"There's probably not a more important time than right now for producers to take advantage of all the safety-net provisions available," says newly appointed Farm Service Agency Administrator Zach Ducheneaux in a phone interview with Farm Press regarding enrollment in the Agriculture Risk Coverage (ARC) or Price Loss Coverage (PLC) programs.
The enrollment deadline for the USDA programs is Monday, March 15, 2021.
"We've still got a lot of economic uncertainty regarding what's going to happen as the pandemic hopefully winds down, but that could flare up at any point in time.
"The markets can be so volatile in times of economic uncertainty. These programs can help mitigate that impact."
Farm Service Agency Administrator Zach Ducheneaux
See, USDA RMA clarifies STAX eligibility procedures
To enroll, Ducheneaux said producers need to contact their county FSA office to be added to the enrollment registry. "Producers need to call ahead. Because of the pandemic, our offices are in a more restricted posture. We're not taking visitors at our offices right now, so we'll have to find a way to do it through phone, zoom or drop-off the relevant documents."
While Ducheneaux admits the restricted access is inconvenient, he said, "It's important to remember that our staff has still been able to roll out a record number of program dollars even with some of these more restrictive processes.

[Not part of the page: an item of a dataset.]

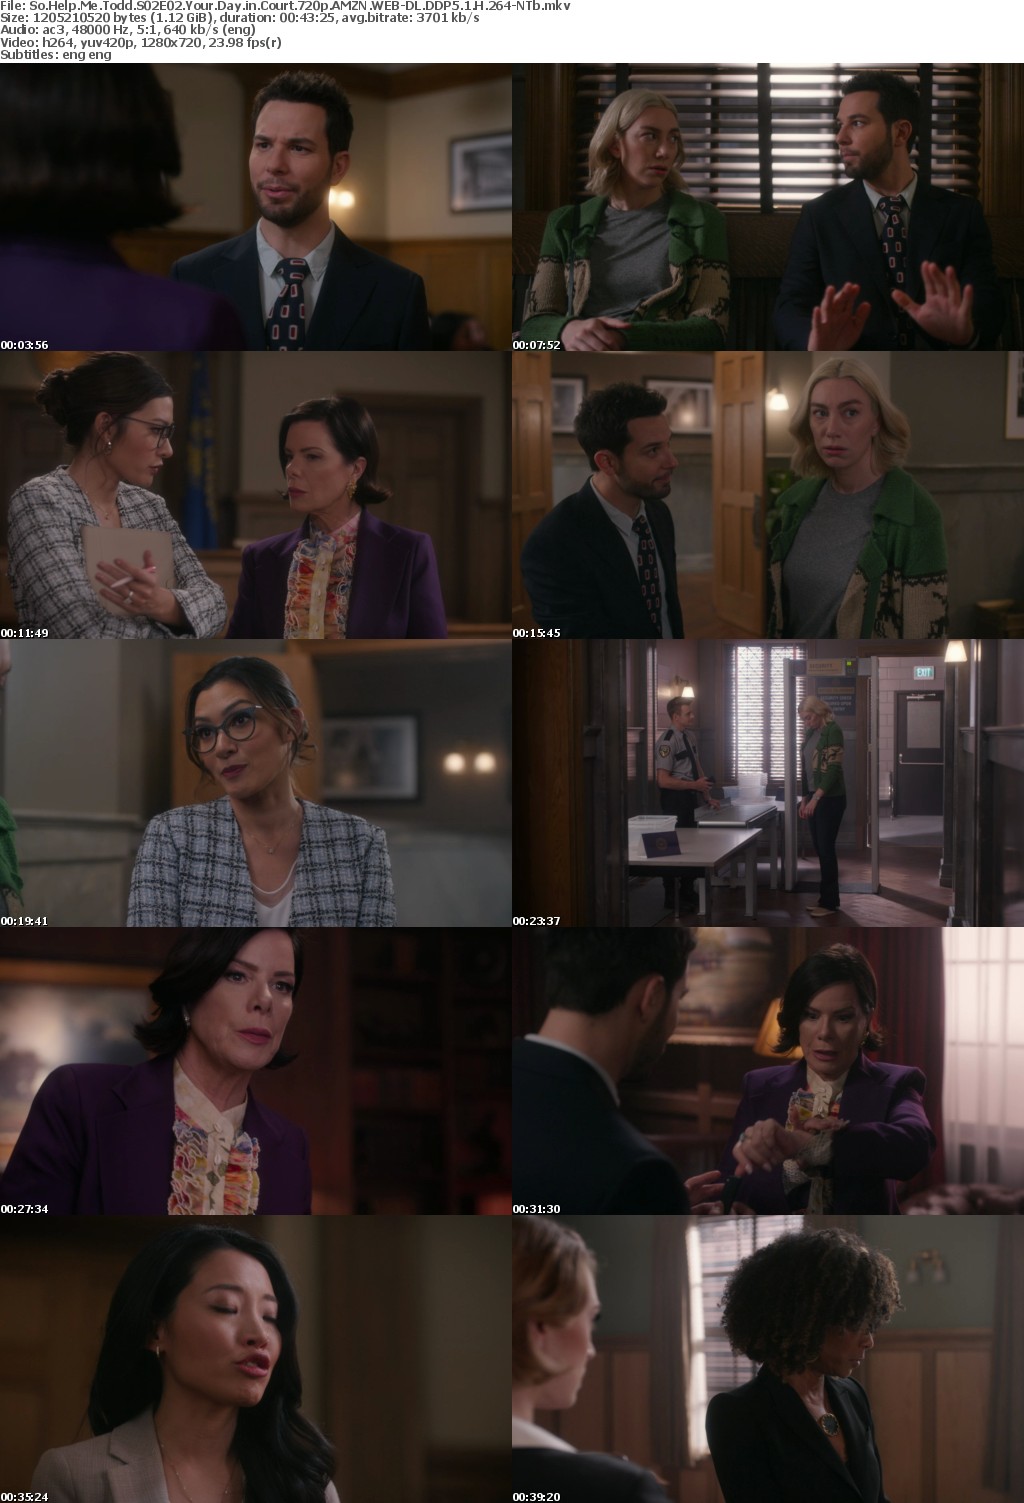 So Help Me Todd S02E02 Your Day in Court 720p AMZN WEB-DL DDP5 1 H 264-NTb

We've got to put the safety of our staff and producers first."
Decision Tools
Two online decision tools are available to assist producers in their program election process.They are as follows:
ARC and PLC Decision Tool (Texas A&M University)- allows producers to analyze payment yield updates and expected payments for 2019 and 2020.
Gardner-farmdoc Payment Calculator (University of Illinois)- offers farmers the ability to run payment estimates modeling for their farms and counties for ARC-County and PLC.
Thus far, producers have signed 1.4 million contracts. "That's about 81% of what we expected," said Ducheneaux, who hopes more will sign up before Monday's deadline. In 2020, enrollment was 99% of what FSA expected, while in 2019, it reached 106%.
Enrolling in ARC or PLC programs can impact eligibility for some crop insurance products offered by USDA's Risk Management Agency (RMA). Producers who elect and enroll in PLC also have the option of purchasing Supplemental Coverage Option (SCO) through their Approved Insurance Provider, but producers of covered commodities who elect ARC are ineligible for SCO on their planted acres, according to a recent USDA press release.
Unlike SCO, RMA's Enhanced Coverage Option (ECO) is unaffected by participating in ARC for the same crop, on the same acres. Producers may elect ECO regardless of their farm program election.
Upland cotton farmers who choose to enroll seed cotton base acres in ARC or PLC are ineligible for the stacked income protection plan, or STAX, on their planted cotton acres, USDA stated.
"There' been some confusion about the applicability of STAX along with cotton," Ducheneaux said. "Make sure you double-check that."